OCFS2 is a 14-disk RAID-10 connected via dedicated QLogic iSCSI-NICs via a Gigabit
switch. The serves are connected to the same switch on a separate VLAN for the
heartbeat. They also have dedicated Gbps-NICs for frontend and backend traffic.

The problem is that last couple of weeks the write-performance has intermittently
slowed down to a crawl and right now the system is pretty much unusable. httpd has
its DocumentRoot on /san and these processes often go into D-state. "iostat -dmx 1"
often reports ~99 %util and writing anything hangs disturbingly often.
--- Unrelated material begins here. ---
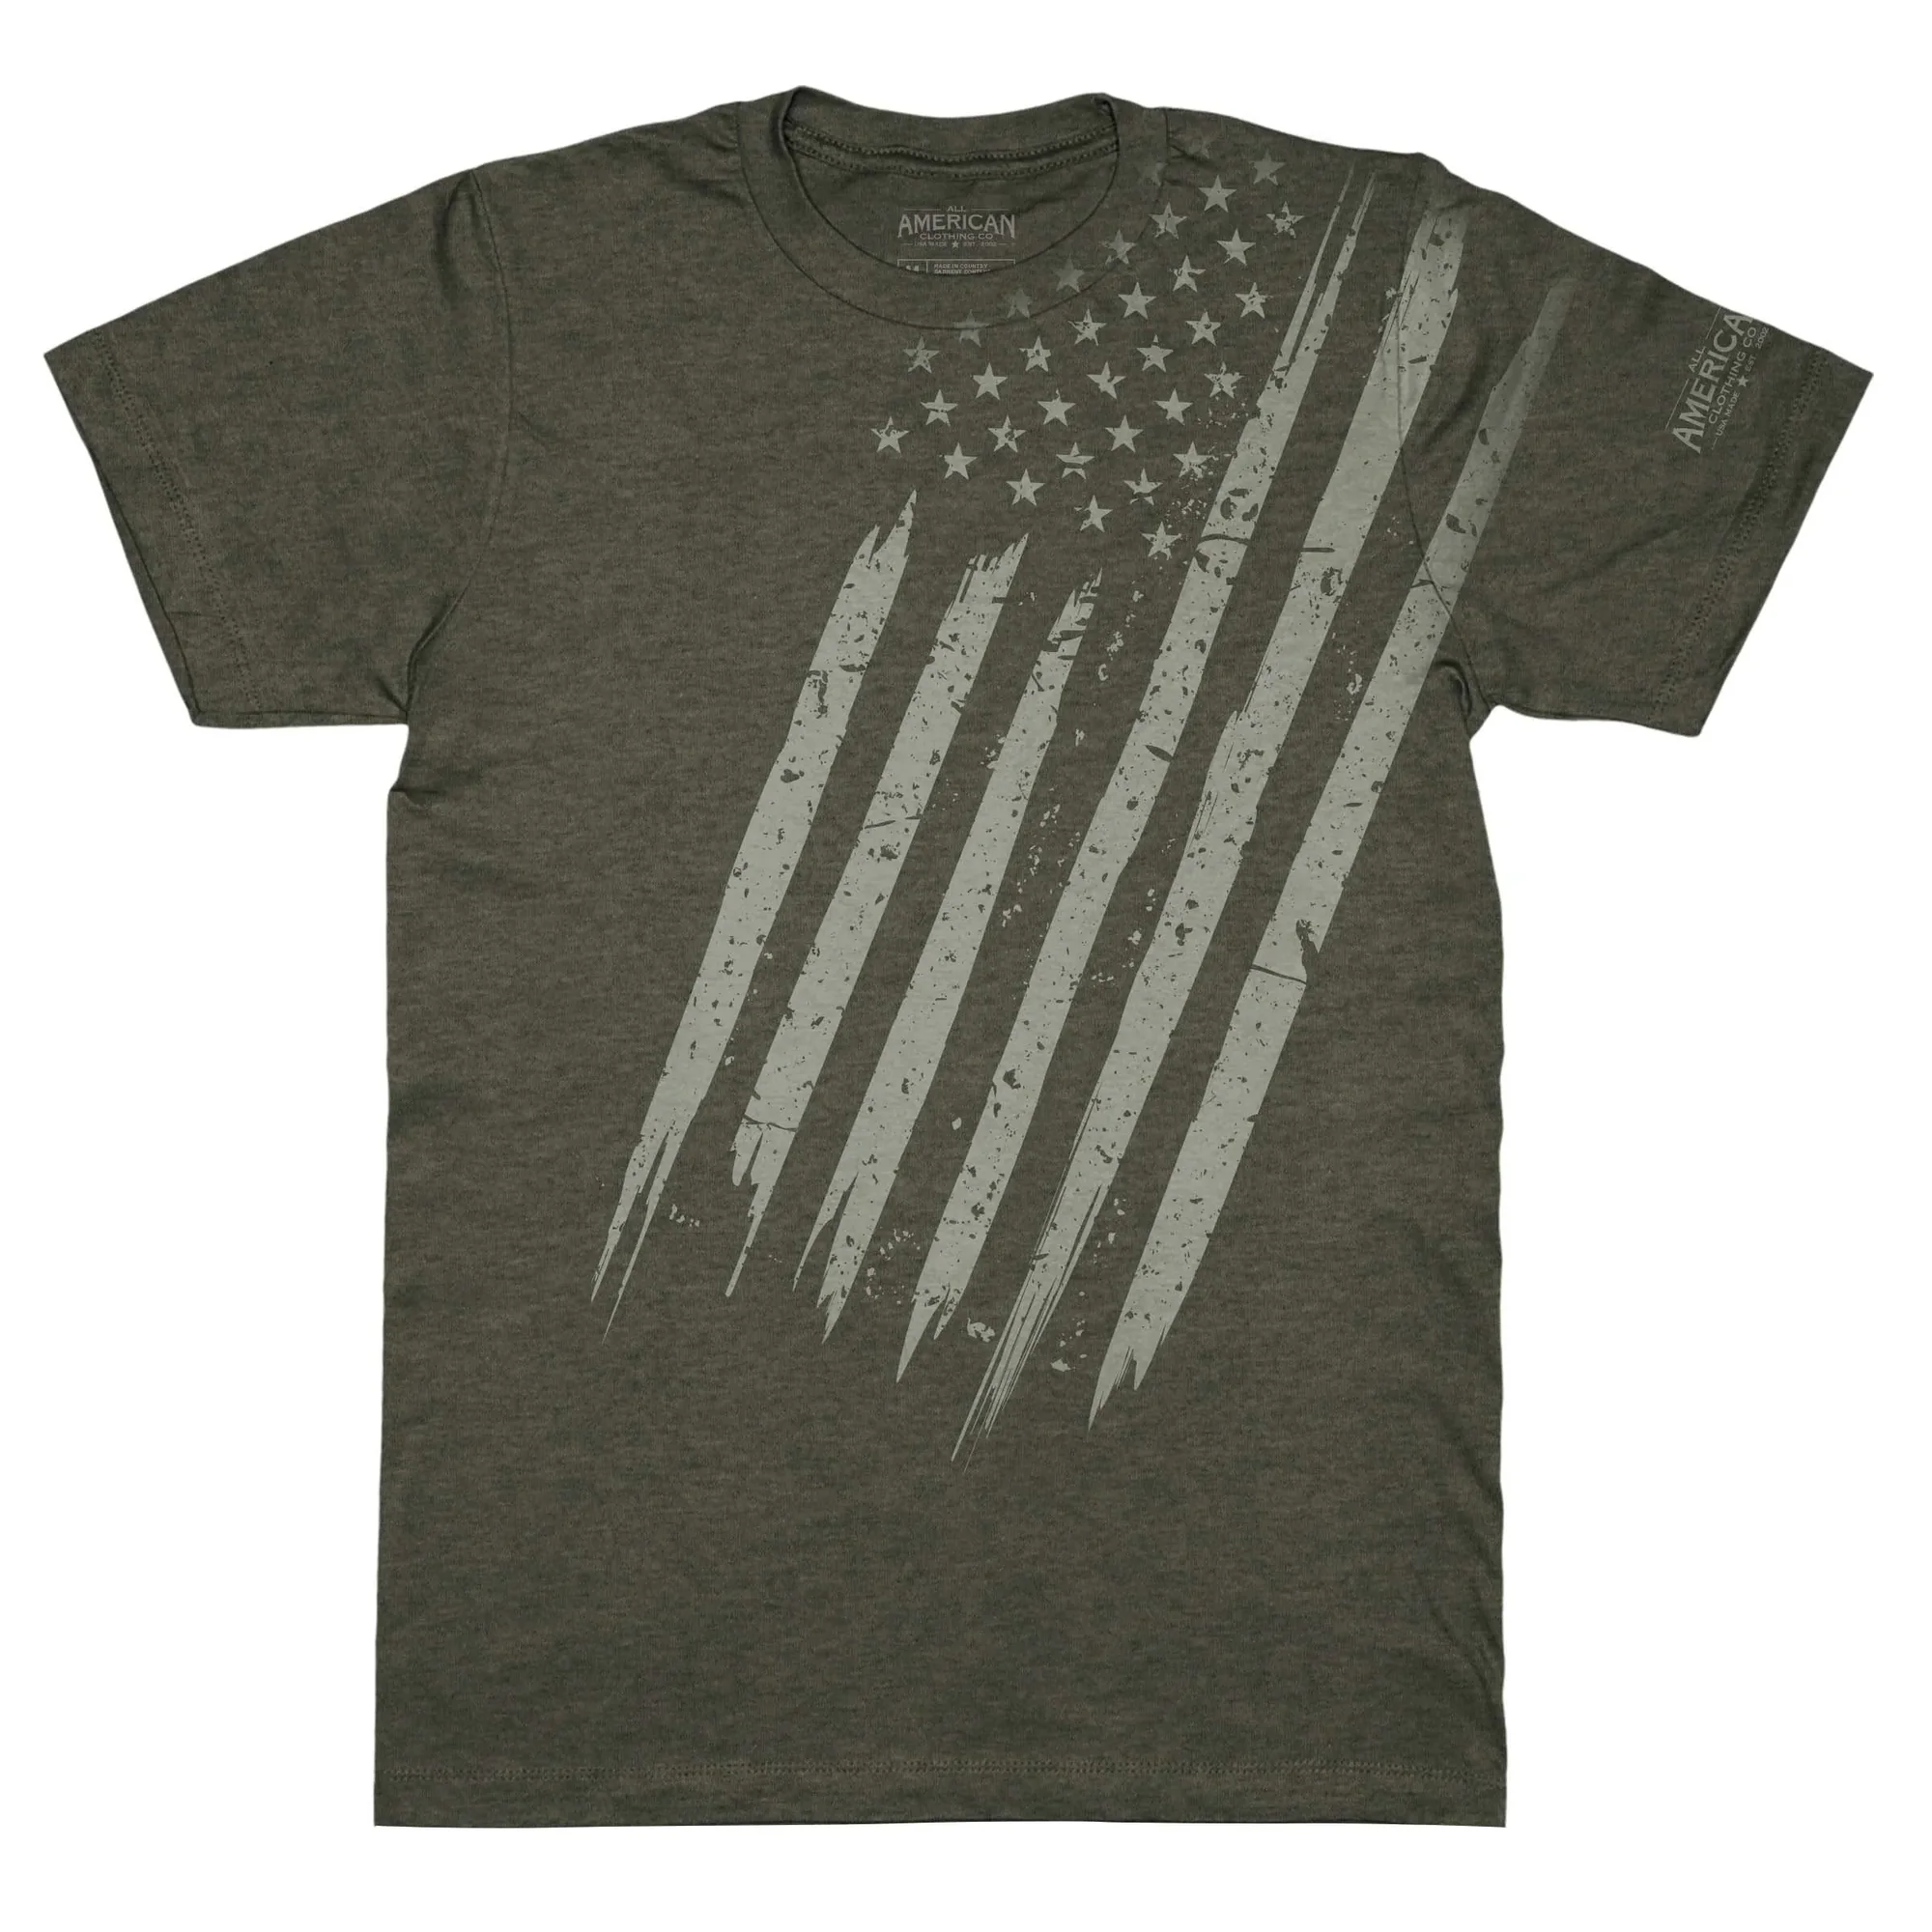 All American Clothing Co. Men's Distressed Shoulder Flag T-Shirt

My biggest
problem right now is that I've got very little to work with (that is no juicy kernel-panics
and such) and the only OCFS-related stuff in the logs look like this:

---CUT---
Nov 14 14:13:49 web02 kernel: INFO: task httpd:3959 blocked for more than 120 seconds.
Nov 14 14:13:49 web02 kernel: "echo 0 > /proc/sys/kernel/hung_task_timeout_secs" disables this message.
Nov 14 14:13:49 web02 kernel: httpd         D ffff810001004420     0  3959   3149          3962 
3954 (NOTLB)
Nov 14 14:13:49 web02 kernel:  ffff81018c407ea8 0000000000000082 ffff81019d600140 ffffffff8875b54b
Nov 14 14:13:49 web02 kernel:  ffff810184210000 000000000000000a ffff81018eb957a0 ffffffff80314b60
Nov 14 14:13:49 web02 kernel:  000000b90056ee85 000000000018d3ad ffff81018eb95988 0000000000000003
Nov 14 14:13:49 web02 kernel: Call Trace:
Nov 14 14:13:49 web02 kernel:  [<ffffffff8875b54b>] :ocfs2:ocfs2_inode_lock_full+0x5fb/0xfe2
Nov 14 14:13:49 web02 kernel:  [<ffffffff8001b035>] cp_new_stat+0xe5/0xfd
Nov 14 14:13:49 web02 kernel:  [<ffffffff80063c53>] __mutex_lock_slowpath+0x60/0x9b
Nov 14 14:13:49 web02 kernel:  [<ffffffff80063c9d>] .text.lock.mutex+0xf/0x14
Nov 14 14:13:49 web02 kernel:  [<ffffffff80013f1b>] generic_file_llseek+0x2a/0x8b
Nov 14 14:13:49 web02 kernel:  [<ffffffff80025788>] sys_lseek+0x40/0x60
Nov 14 14:13:49 web02 kernel:  [<ffffffff8005d116>] system_call+0x7e/0x83
---CUT---

Also, I see these kind of errors regarding eth4 (heartbeat-network):
# grep 'e1000e.*Detected' /var/log/messages
Nov 13 13:25:00 web02 kernel: e1000e 0000:0b:00.0: eth4: Detected Hardware Unit Hang:
Nov 14 09:10:55 web02 kernel: e1000e 0000:0b:00.0: eth4: Detected Hardware Unit Hang:
Nov 14 21:54:49 web02 kernel: e1000e 0000:0b:00.0: eth4: Detected Hardware Unit Hang:
Nov 14 21:58:35 web02 kernel: e1000e 0000:0b:00.0: eth4: Detected Hardware Unit Hang:
Nov 15 01:42:33 web02 kernel: e1000e 0000:0b:00.0: eth4: Detected Hardware Unit Hang:
Nov 15 13:34:01 web02 kernel: e1000e 0000:0b:00.0: eth4: Detected Hardware Unit Hang:
Nov 15 20:55:24 web02 kernel: e1000e 0000:0b:00.0: eth4: Detected Hardware Unit Hang:
Nov 16 02:42:55 web02 kernel: e1000e 0000:0b:00.0: eth4: Detected Hardware Unit Hang:

However, they happen relatively seldom and I've tried flood-pinging hosts over that VLAN and
I've never experienced timeouts nor packet-loss so really don't think that's the issue.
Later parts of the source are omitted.